Can you switch software without losing your client list?
The quiet fear that keeps therapists on a tool they have outgrown is the client list. Years of names, contact details, and history feel impossible to move, so people stay put out of inertia. That fear is mostly outdated. Most serious tools, Riverd included, let you bring your existing clients in by importing a simple spreadsheet, so moving your list is a matter of an online booking setup and a file upload, not weeks of retyping.
In Riverd, you can export your clients from your current tool as a CSV and import them in a few steps, which means trying a new free tier no longer costs you your history. That removes the last real reason to stay somewhere that no longer fits. The honest advice on choosing free software is unglamorous: pick the free tier whose limits you will not hit for a while, confirm what the paid step costs before you need it, and make sure you can leave with your data if you change your mind. Browse our practice growth hub for the rest. Free is a fine place to start. It is a bad place to get trapped.
Key Takeaways
- "Free" means three different things: a genuine indefinite free tier, a short free trial, or free software with per-transaction payment fees. Knowing which one you are looking at matters most.
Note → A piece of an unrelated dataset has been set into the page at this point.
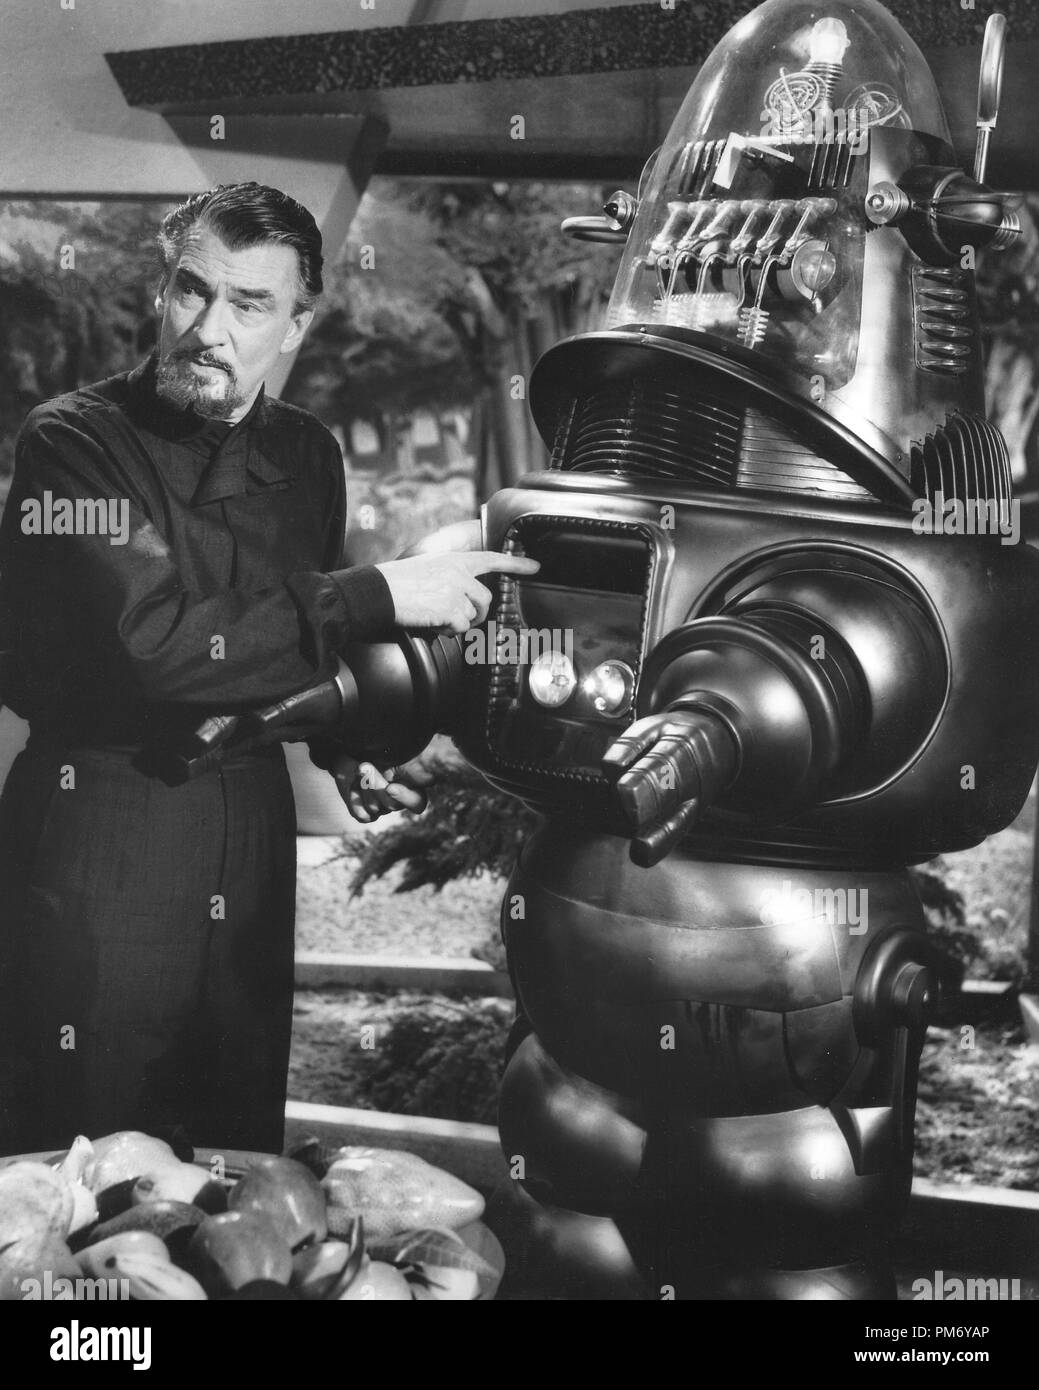 robby the robot twilight zone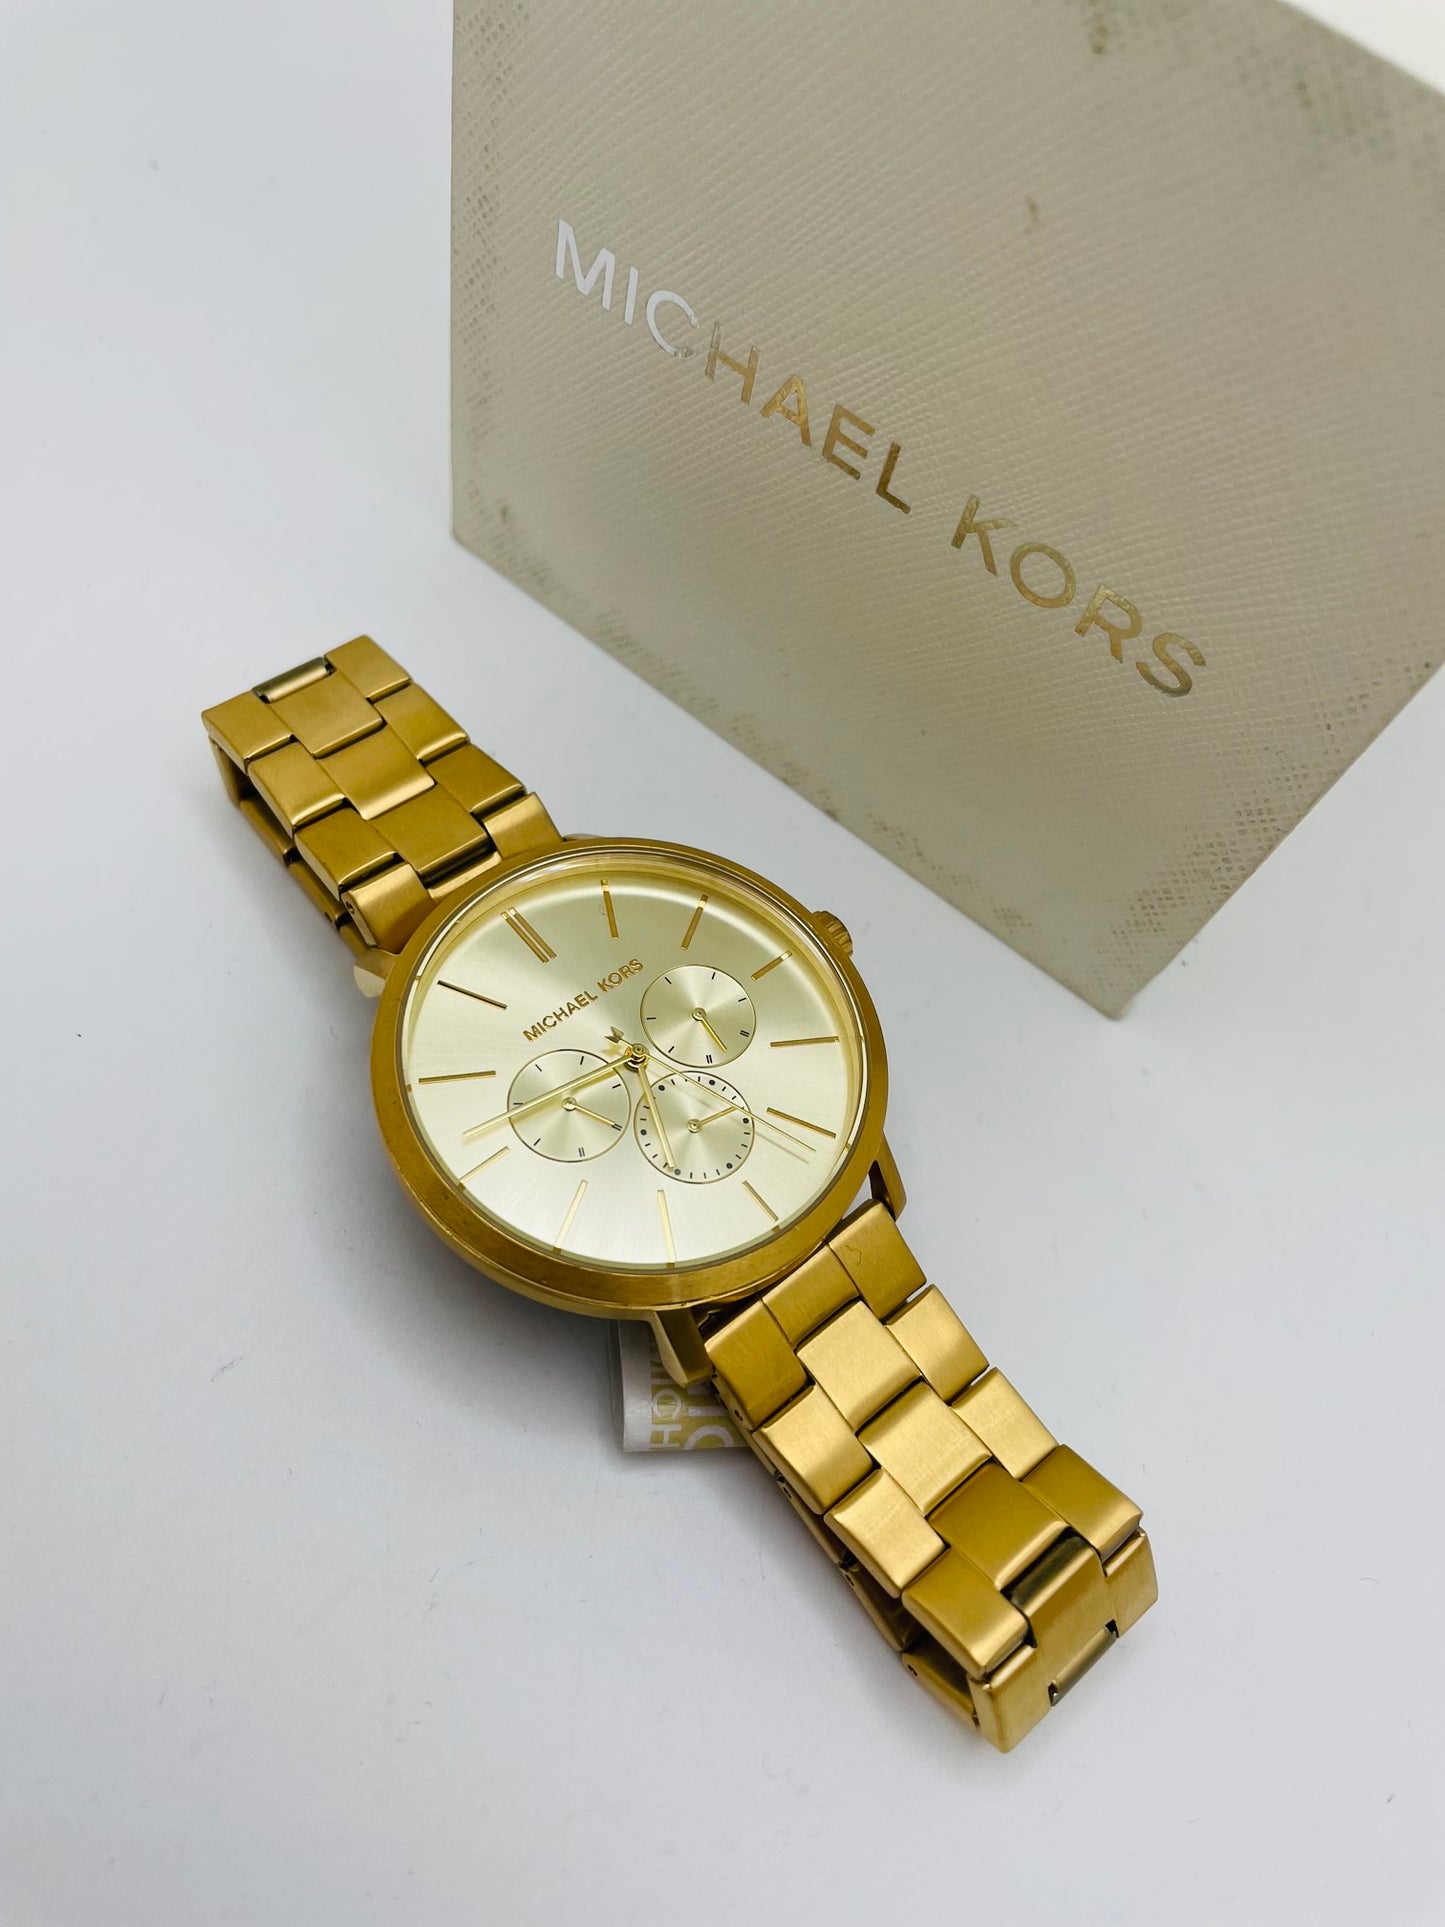 Michael kors watch

- Of the seven common tools, Riverd's Brook tier and Square Appointments are the two that are genuinely free indefinitely for solo use. MassageBook, Noterro, ClinicSense, and Acuity are trial-led, so budget for paying once the trial ends.
- The booking-and-calendar layer is usually free across tools. Text reminders, clinical documentation, automation, advanced reports, and lower payment rates are where vendors ask for money.
- Riverd's free Brook tier runs a real practice up to a 20-session monthly cap; SMS reminders, AI SOAP notes, calendar sync, and analytics are on the paid River plan at $39/mo billed annually.
- The old fear of losing your client list when switching is outdated. Most tools, Riverd included, let you import existing clients from a CSV, so you can move without retyping years of history.